CTO Roundtable
S TOR AGE
CREEGER What can people who have to manage storage
for a living take from this conversation? What recommendations can we make? What technologies do you see
on the horizon that would help them?
KLEIMAN Storage administrators today have tremendous
problems that are not adequately solved by any tools.
They have home directories, databases, LUNs (logical
unit numbers). It’s not just one set of bits on one set of
drives; they’re all over the place. They’ve got replicas and
perhaps have to manage mirroring relationships between
them. They have to manage a disaster-recovery scenario
and the server infrastructure on the other site if the whole
thing fails. They have all these mechanisms for all these
data sets that they must process day in and day out, and
they have to monitor the whole thing to see if it’s working correctly. Just being able to manage that mess—the
thousands of data sets they have to deal with—is a big
problem that isn’t solved yet.
CREEGER Is nobody in the business of providing enterprise-level storage infrastructure management?
KLEIMAN Those who have solved it best in the past have
been the backup people. They actually give you a data-transfer mechanism that manages everything in the background, and they give you a GUI that allows you to say,
“I want to look for this particular data set, I want to see
how many copies of it I have, and I want to restore that
particular thing”; or “I want to know that these many
copies have been made across this much time.”
Of course, the problem is that it’s all getting blown
up. So now, it’s not just, “What copies do I have on
tape?” It’s “What copies do I have in various locations
spread around the world? What mirroring relationships
do I have?” The trouble is that today it’s all managed in
someone’s head. I call it “death by mirroring.” It’s hard.
We’ll sort it all out eventually.
McKUSICK What do you see as a possible solution?
KLEIMAN People are building outrageous ad hoc system
scripts—Perl scripts and other types. My company is
working on this as are lots of other people in the storage
industry, but it’s more than a single-box problem. It’s
managing across boxes, even managing heterogeneously.
We have to understand that we’re solving the convergence of QoS (quality of service), replication, disaster
recovery, archive, and backup. What we need is a unified
UI for handling all these functions, each of which used to
be handled for different reasons by different mechanisms.
BREWER That is a core issue. How many copies do you
have and why do you have them? Every copy is serving
some purpose, whether as a backup, or a replication for
read throughput, or a cache copy in Flash. Because they
are automatically distributed, you can’t keep track of all
these things. I think you actually can manage the file
system—broadly speaking, storage system—whereby you
proactively assign how many copies you have of
something.
SELTZER Users make copies outside the scope of the storage administrator all the time.

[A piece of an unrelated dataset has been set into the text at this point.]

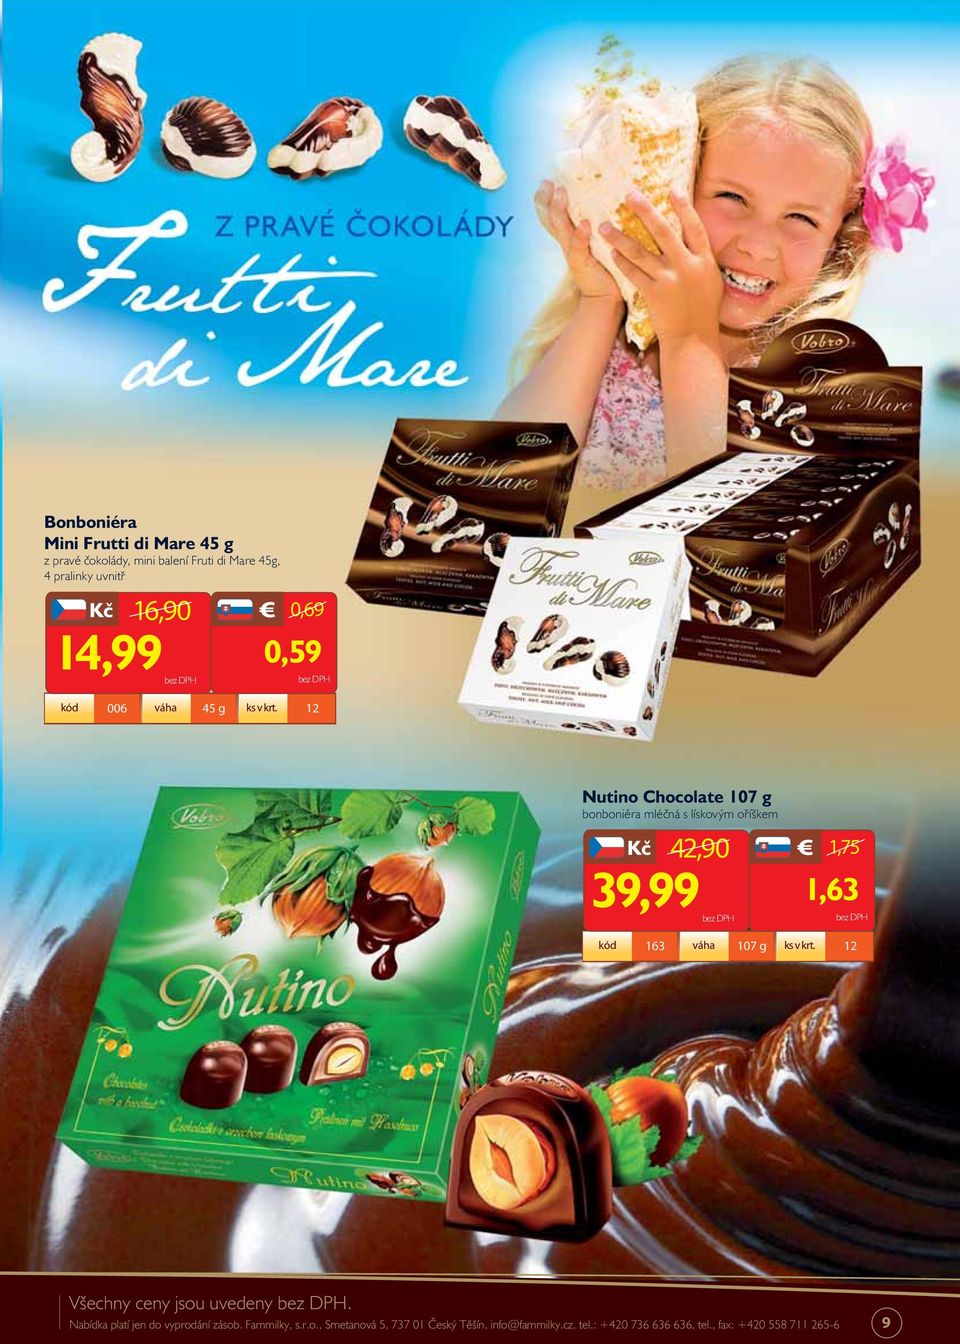 12 Nutino Chocolate 107 g bonboniéra mléčná s lískovým oříškem 42,90 1,75 39,99 1,63 kód 163 váha 107 g ks v krt.

RIEDEL Because the amount of data and what it’s used for
both increase constantly, you have to get the machines to
help the users tag content with metadata—to help them
know what the data is, what the copy is for, where it
came from, why they have it, and what it represents.
SELTZER With the data provenance, you can identify
copies, whether they were made intentionally or unintentionally. That’s a start. Answering the other semantic
questions, however, such as “Why was the copy made?”,
will still require user intervention, which historically has
been very difficult to get.
KLEIMAN Each set of data—a database, a user’s home
directory—has certain properties associated with it. With
a database you want to make sure it has a certain quality
of service, a disaster-recovery strategy, and a certain number of archival copies so that they can go back a number
of years. They may also want to have a certain number of
backup checkpoints to go back to in case of corruption.
Those are all properties of the data set that can be
predefined. Once set, the system can do the right thing,
including making as many copies as is relevant. It’s not
that people are making copies for the sake of making
copies; they’re trying to accomplish this higher-level goal
and not telling the system what that goal is.